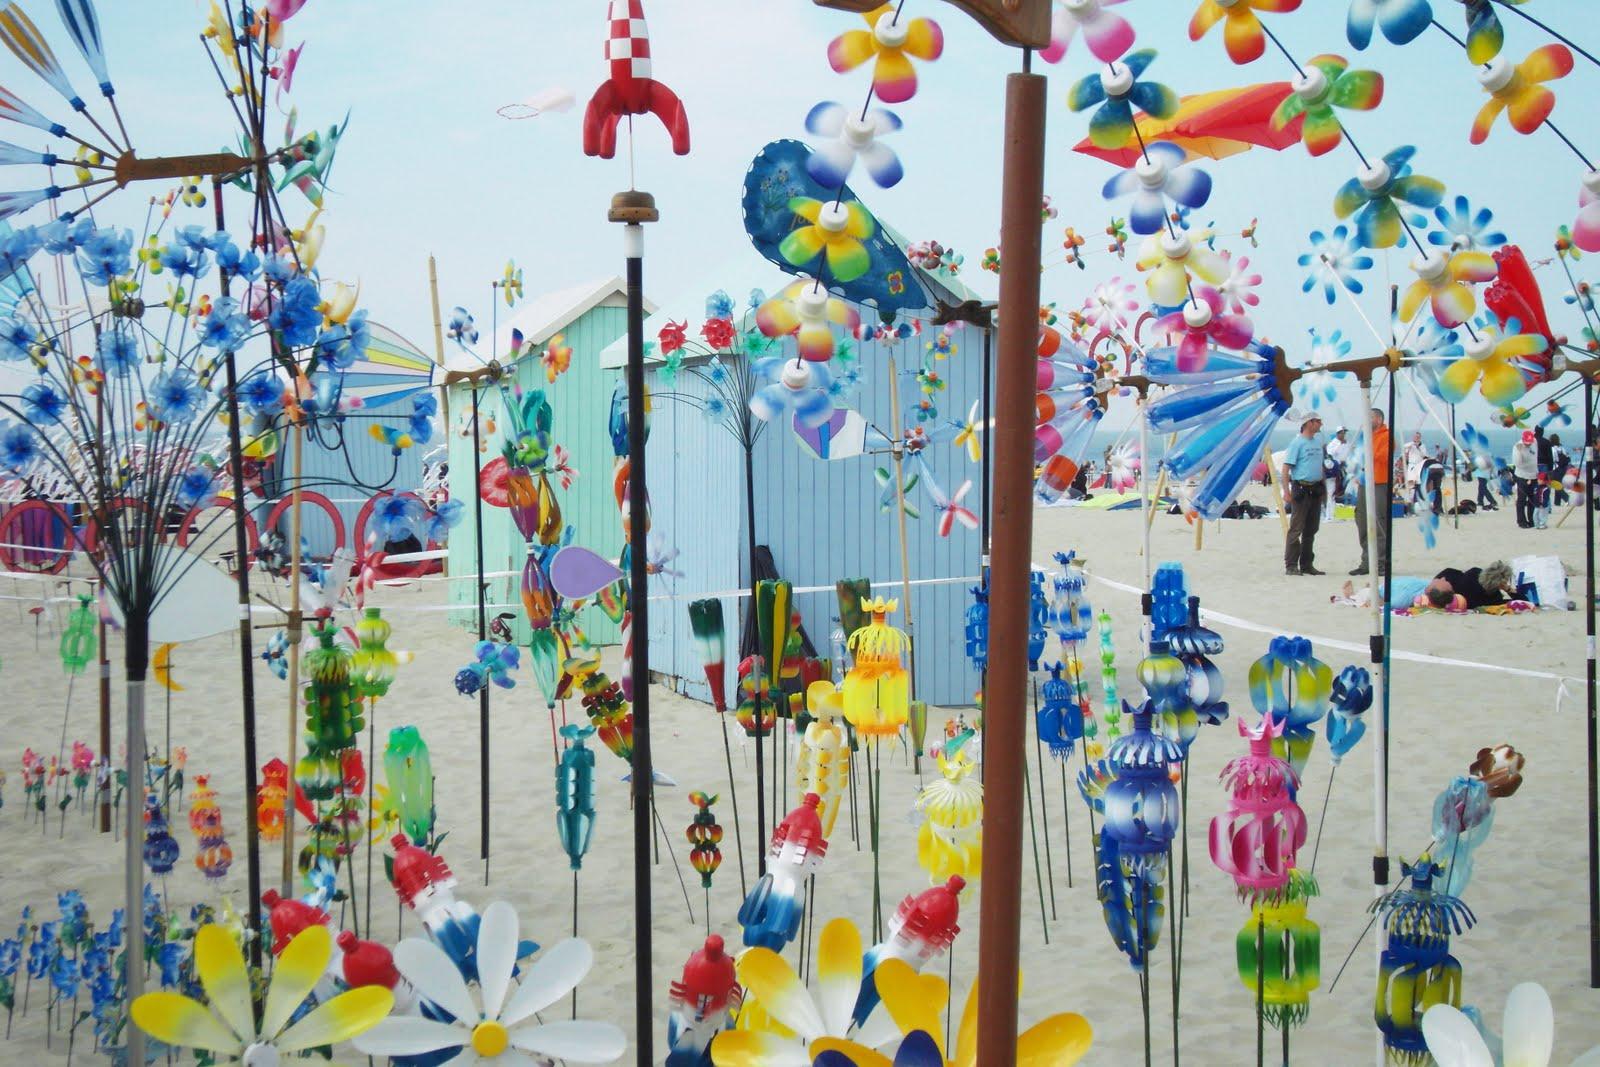 Mes balades en quelques clics jardin du vent berck for Art jardin creation
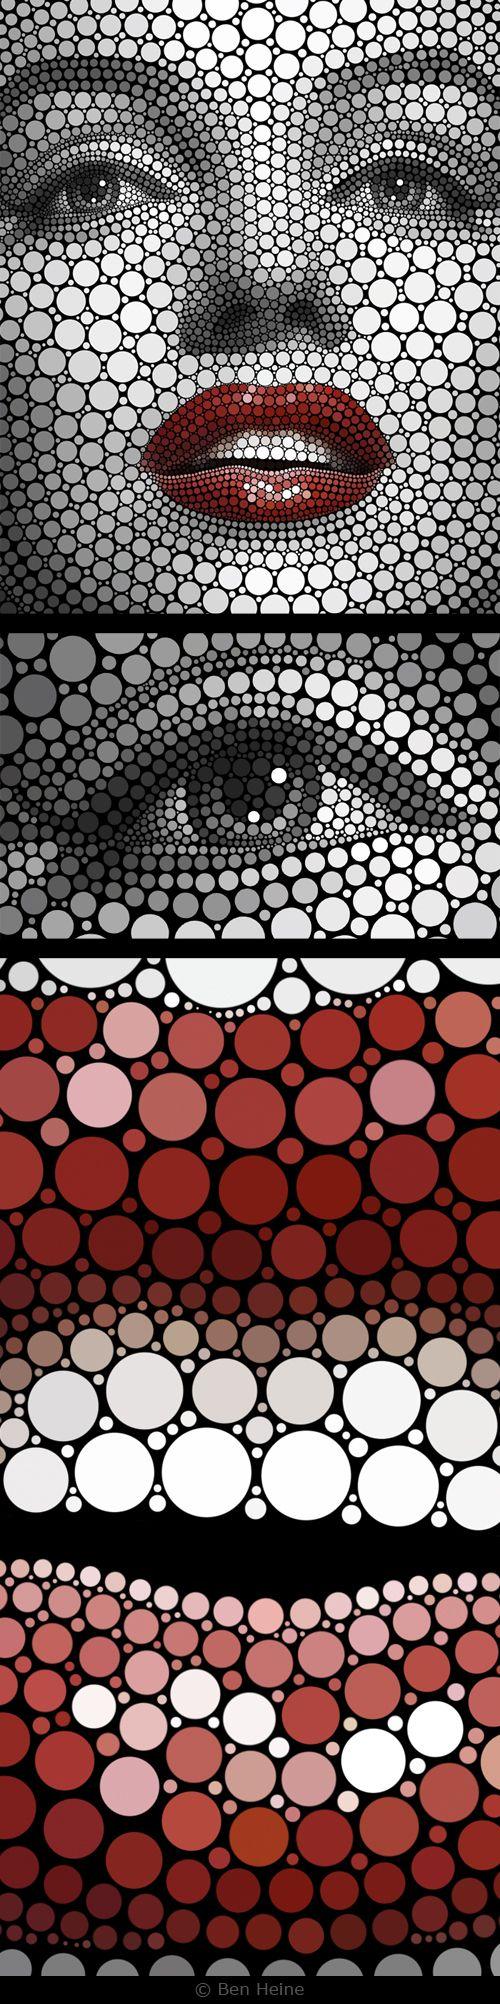 Ben Heine~Digital Circlism
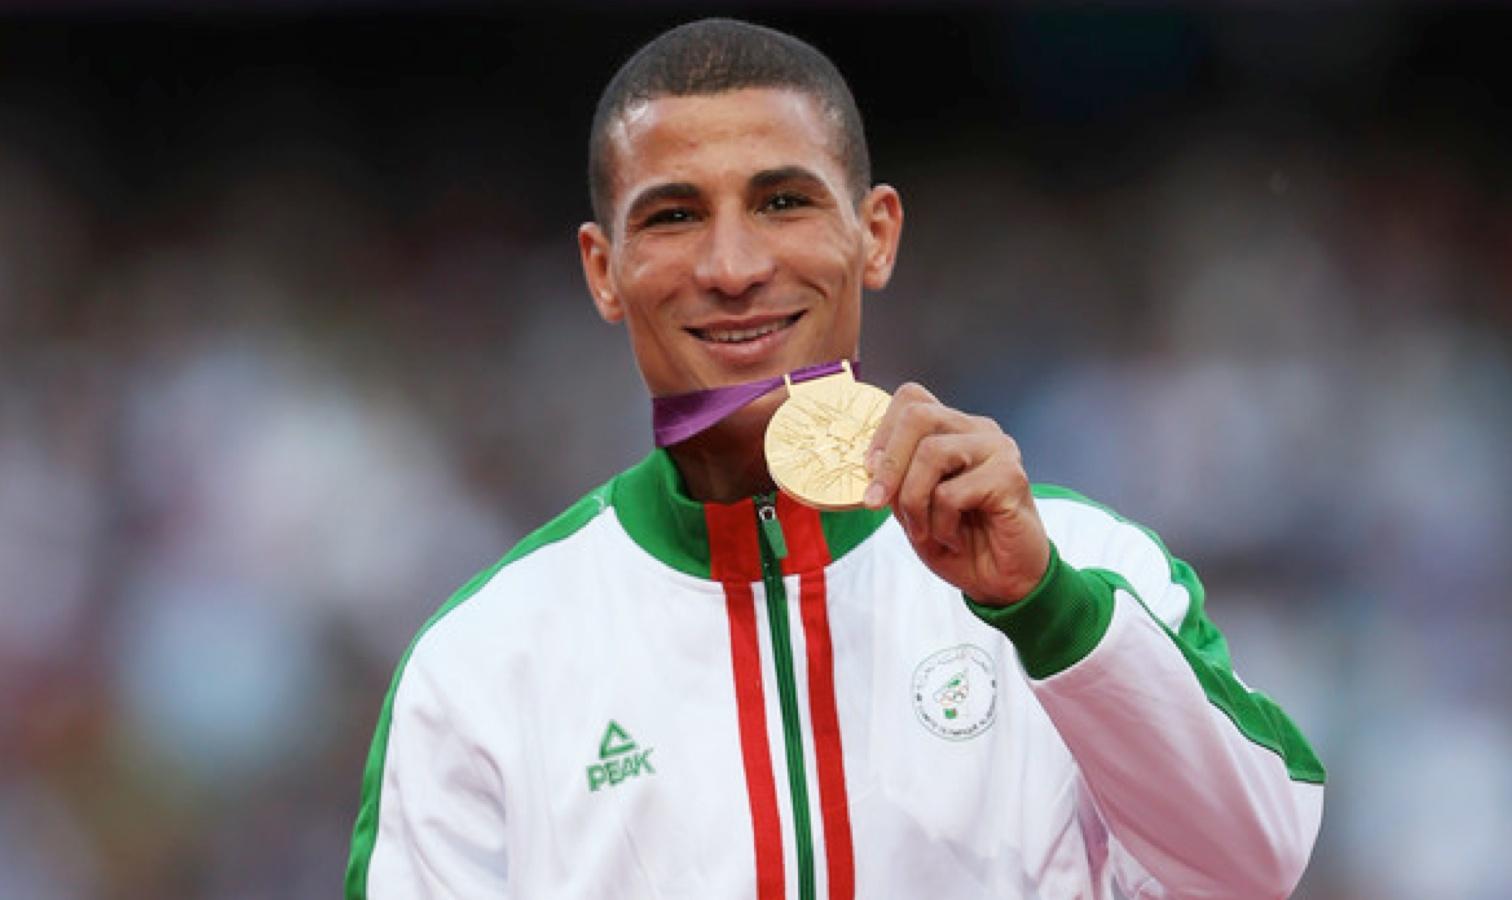 makhloufi medaille d'or londres
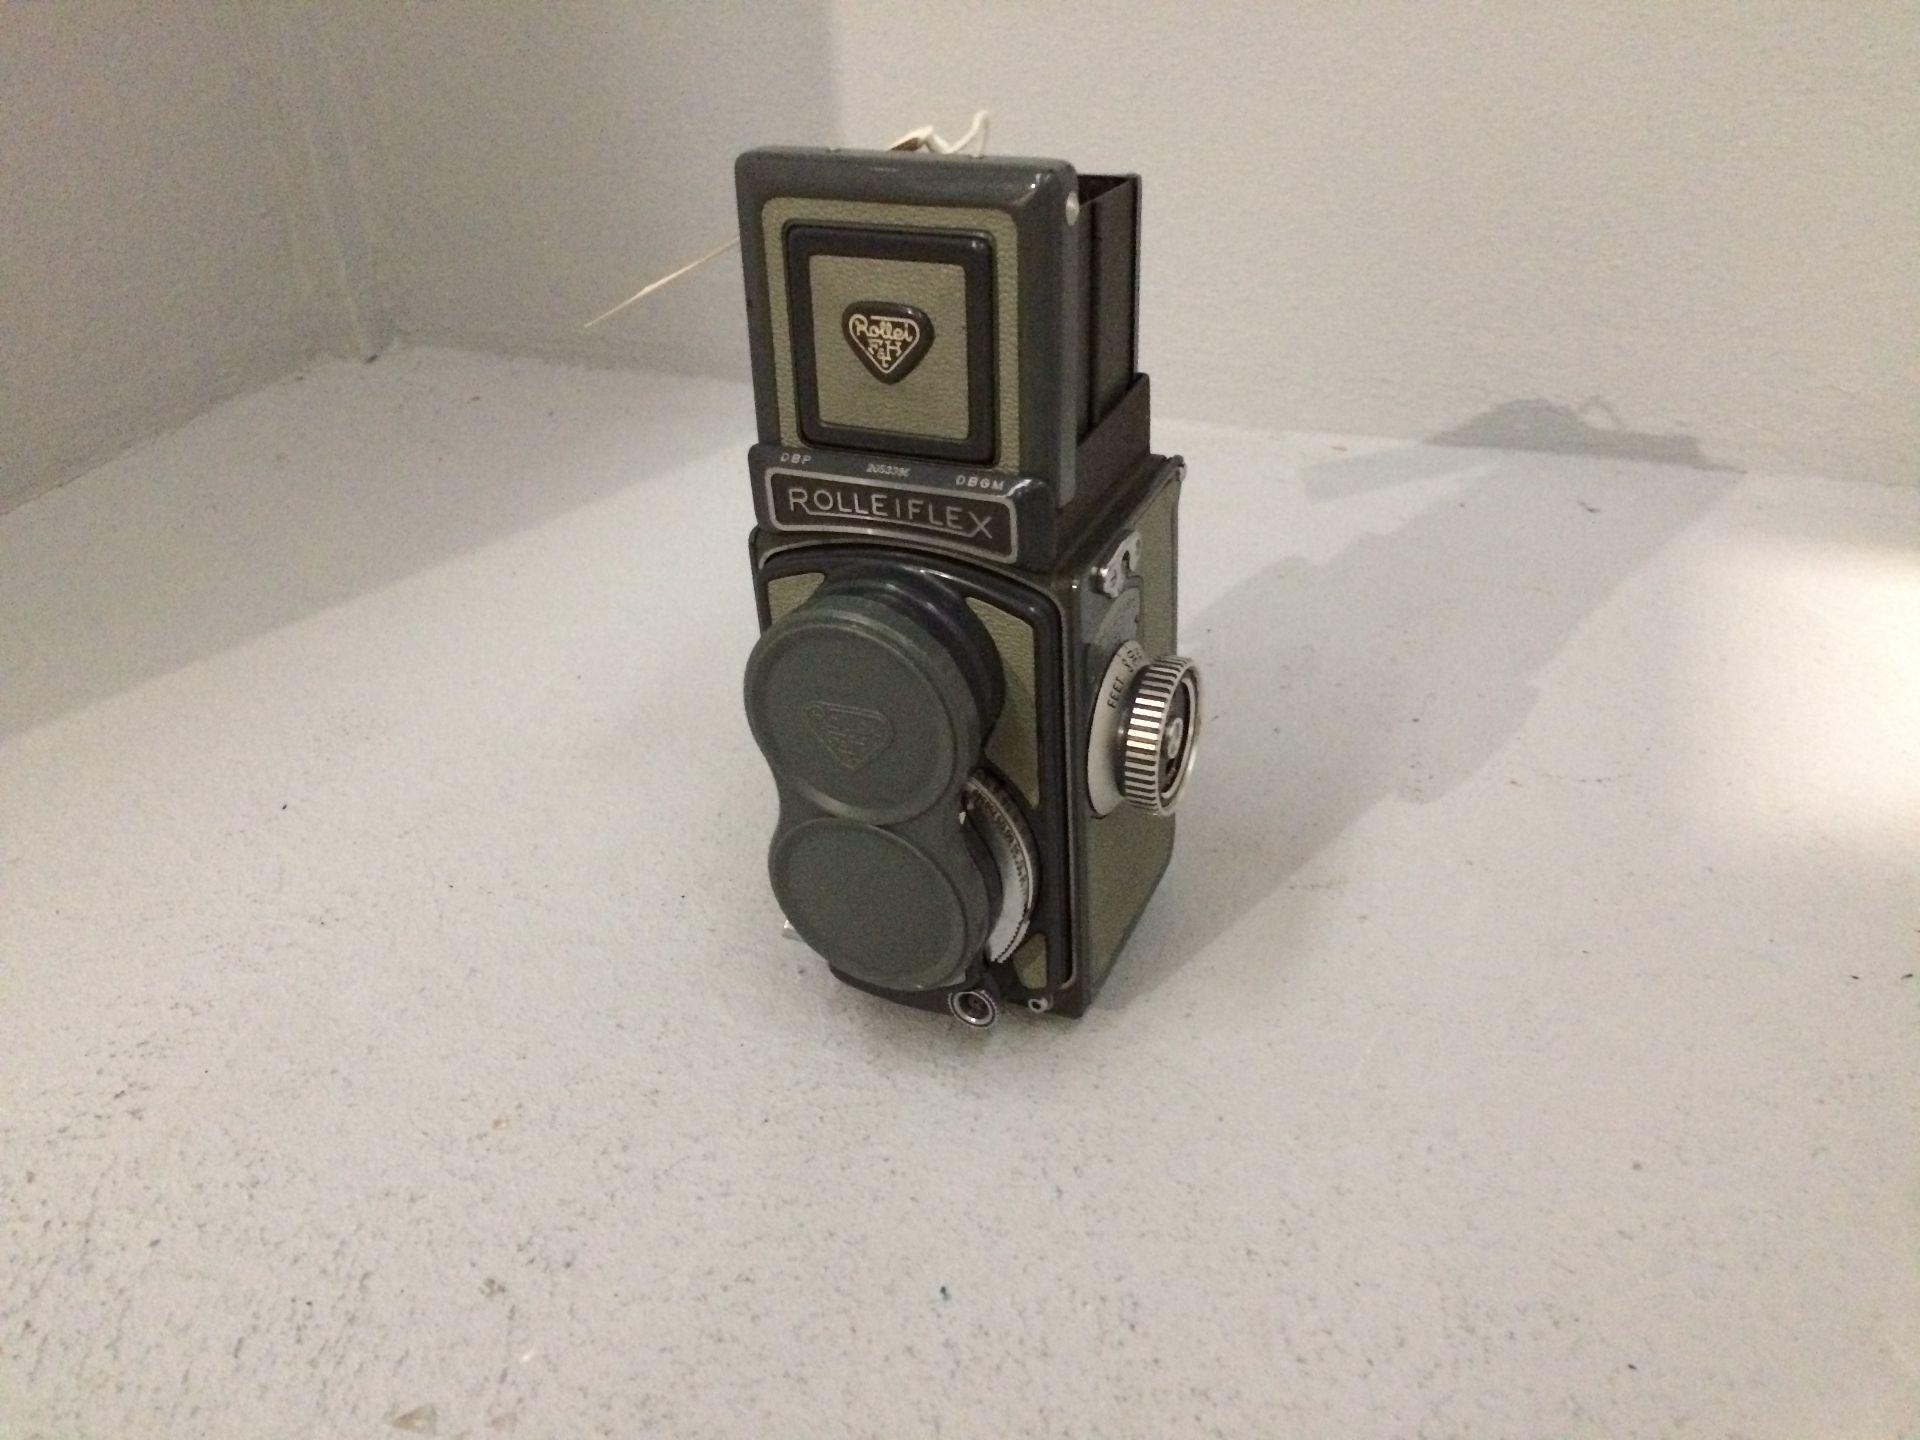 Lot 2 - Rolleiflex DBGM camera, serial no.

TASK TO COMPLETE:
Word for word, restate every line of the listing, omitting the pictures.

OUTPUT OF THE TASK:
 Mes balades en quelques clics jardin du vent berck for Art jardin creation
 Ben Heine~Digital Circlism
 makhloufi medaille d'or londres
 Lot 2 - Rolleiflex DBGM camera, serial no.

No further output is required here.